Sex in marriage is very important. So enjoy it to pay your spouse what you owe, to praise the Lord; and finally, through regular sex with your spouse…
PUT YOURSELF AT EASE.
Help yourself. Do yourself a favor when you love your spouse.
1 Corinthians 7:8-9 To the unmarried and the widows I say that it is good for them to remain single, as I am. But if they cannot exercise self-control, they should marry. For it is better to marry than to burn with passion (ESV).
It is more useful. It is to their advantage to marry than to burn with unsatisfied passion.
God made you with your passions and desires, and He gave you the best context in which to express those passions—the context of marriage. But if you repress those passions in your marriage, you’re of no use to anyone, much less yourself. So love your spouse with passion and help yourself. And please, don’t crash and burn with unfulfilled desire.
Through regular sex with your spouse, pay him or her what you owe, praise the Lord, and put yourself at ease.

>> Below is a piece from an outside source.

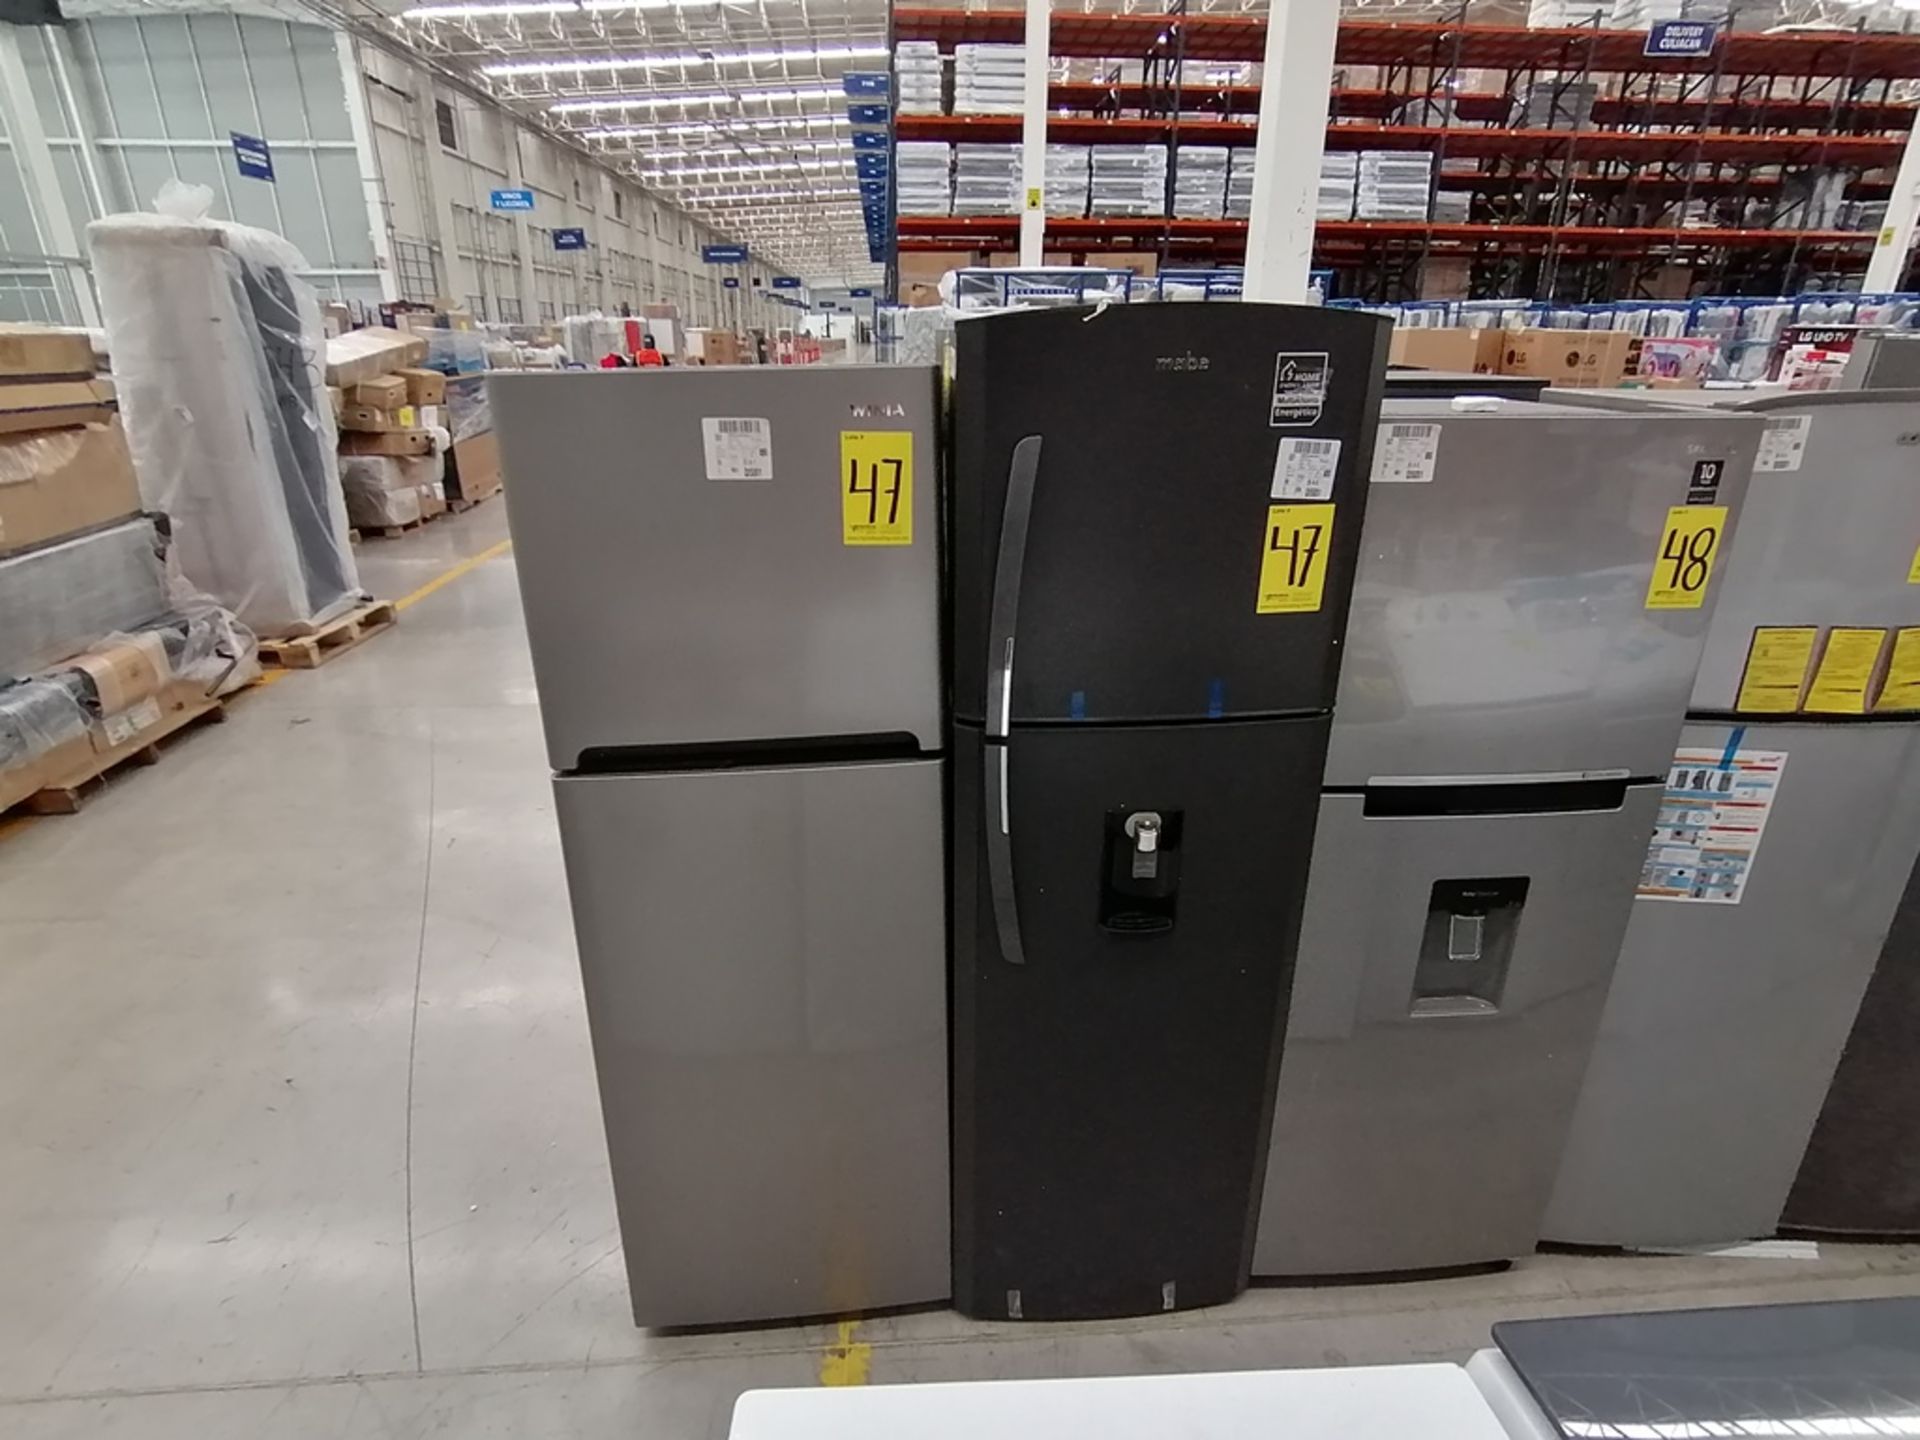 Lote de 2 refrigeradores incluye: 1 Refrigerador, Marca Winia, Modelo DFR32210GNV, Serie MR219N1206 - Image 10 of 15

Ken Davis describes the first 15 years of his marriage. He says, “I was a terrible husband. Diane (his wife) held down a full-time job, became my secretary, mothered our daughters, and waited on me hand and foot without ever demanding that I lift a finger to help. I loved my wife very much, but I hadn't yet learned how to show my love. I had a lesson to learn, and God used a vacuum cleaner to teach it.
I learned many things about vacuuming one day. First, I learned that our cat was terrified of vacuum cleaners. That kept me entertained for about an hour.

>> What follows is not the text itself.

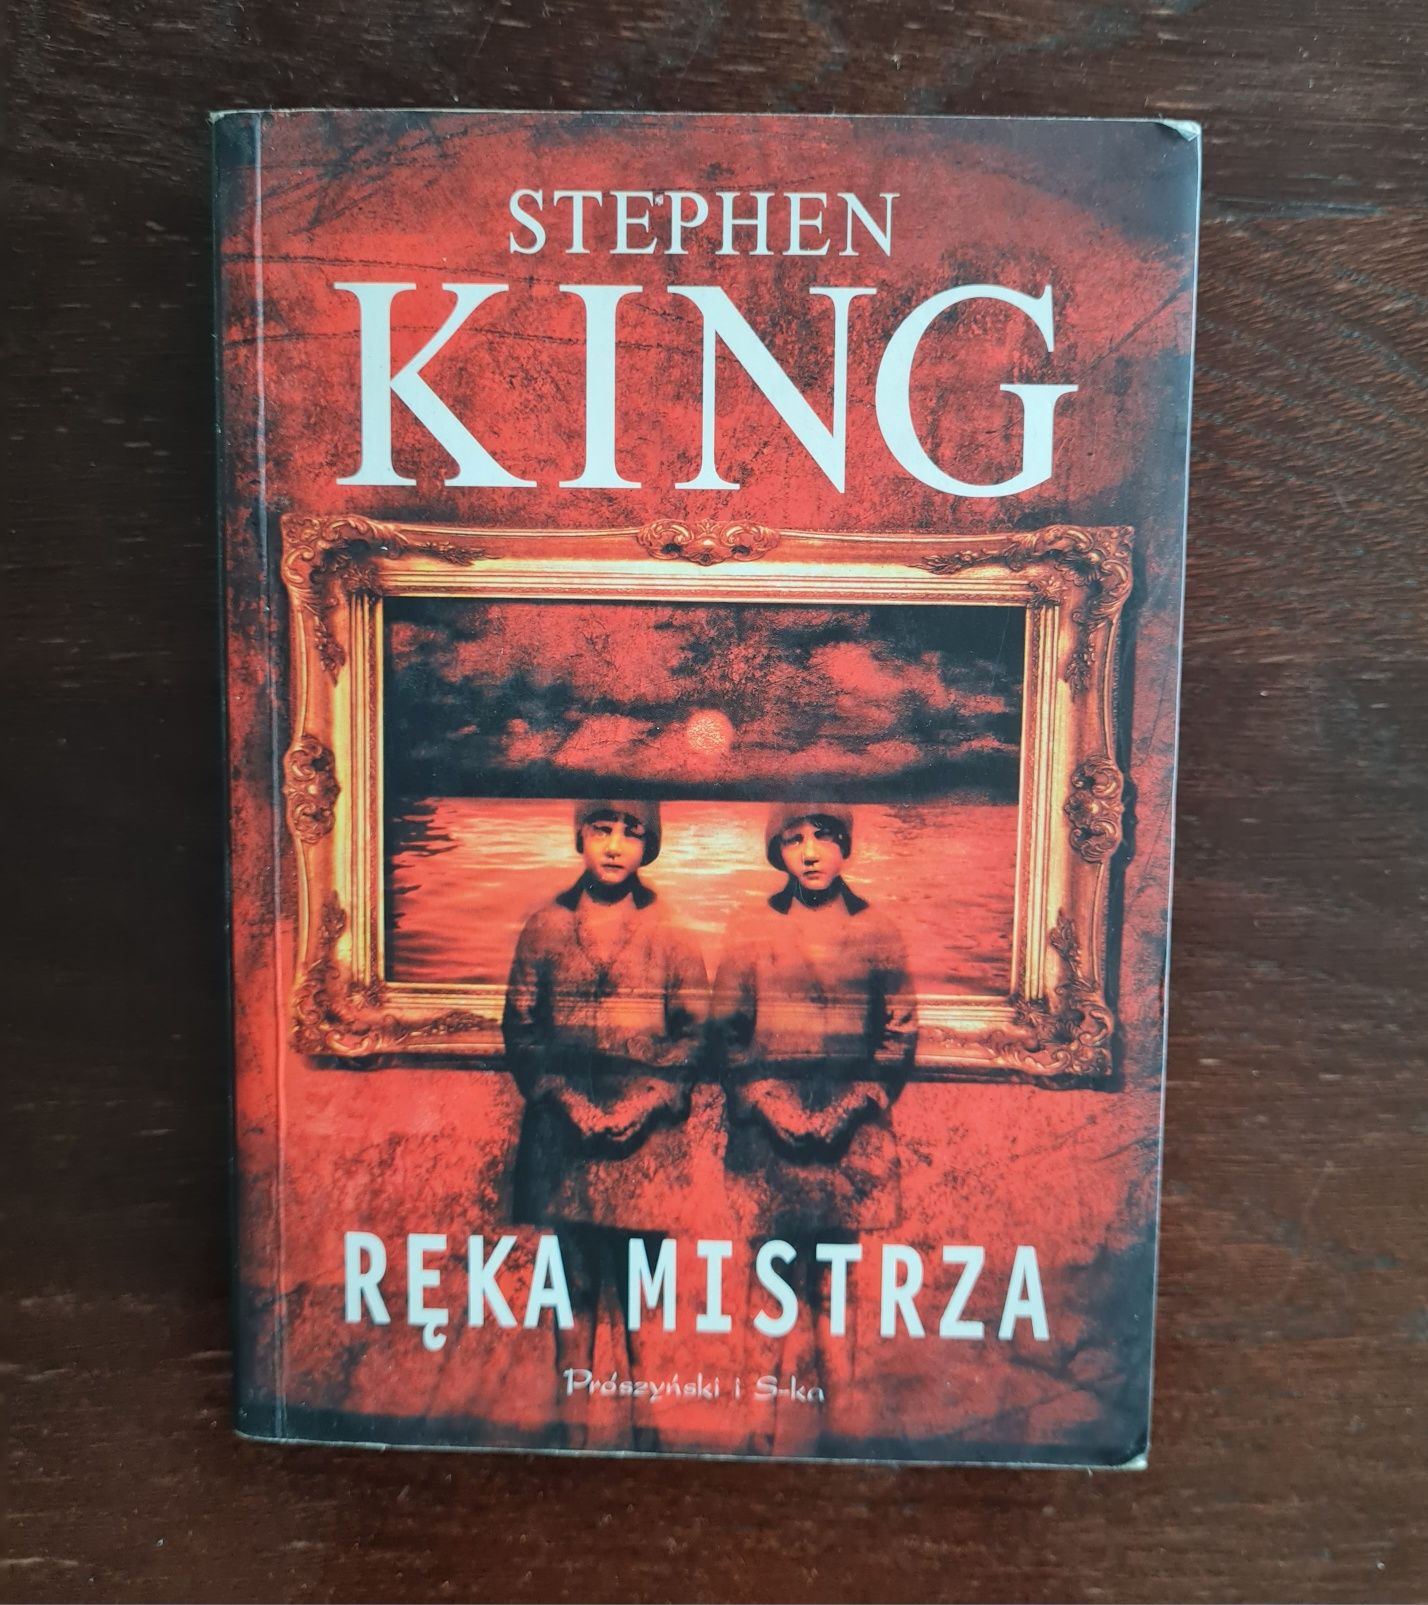 Stephen King "Ręka Mistrza"

As I vacuumed in one direction, a stripe would appear. Going the opposite direction would create a stripe of a different shade. Entranced, I striped the whole room. Then I went crossways, creating a checkerboard pattern. I got so carried away that I dusted the furniture and straightened the entire house.
I was once again embedded in the easy chair, working on my crossword puzzle, when Diane came home. She struggled through the door with a bag of groceries under each arm, kicked the door shut with one foot, and then took in the house with an expert glance. Her mouth dropped open. Slowly the bags slipped from her grasp and dropped to the floor. “Who did this?” she asked.
"I did," I said. Without warning, she attacked. Diving on me before I could get out of the chair, she smothered me with kisses and hugs, showering gratitude on me for helping her. The kisses grew more passionate. We broke the chair. It was wonderful!
The vacuum cleaner taught me an important lesson that day. Love is expressed with more than just words (Ken Davis, Lighten Up! Great Stories from One of America's Favorite Storytellers, 2000, pp. 123-124; www.PreachingToday.com).
Show your wife you love her TODAY. Show your husband you love him. And go ahead: Break a chair!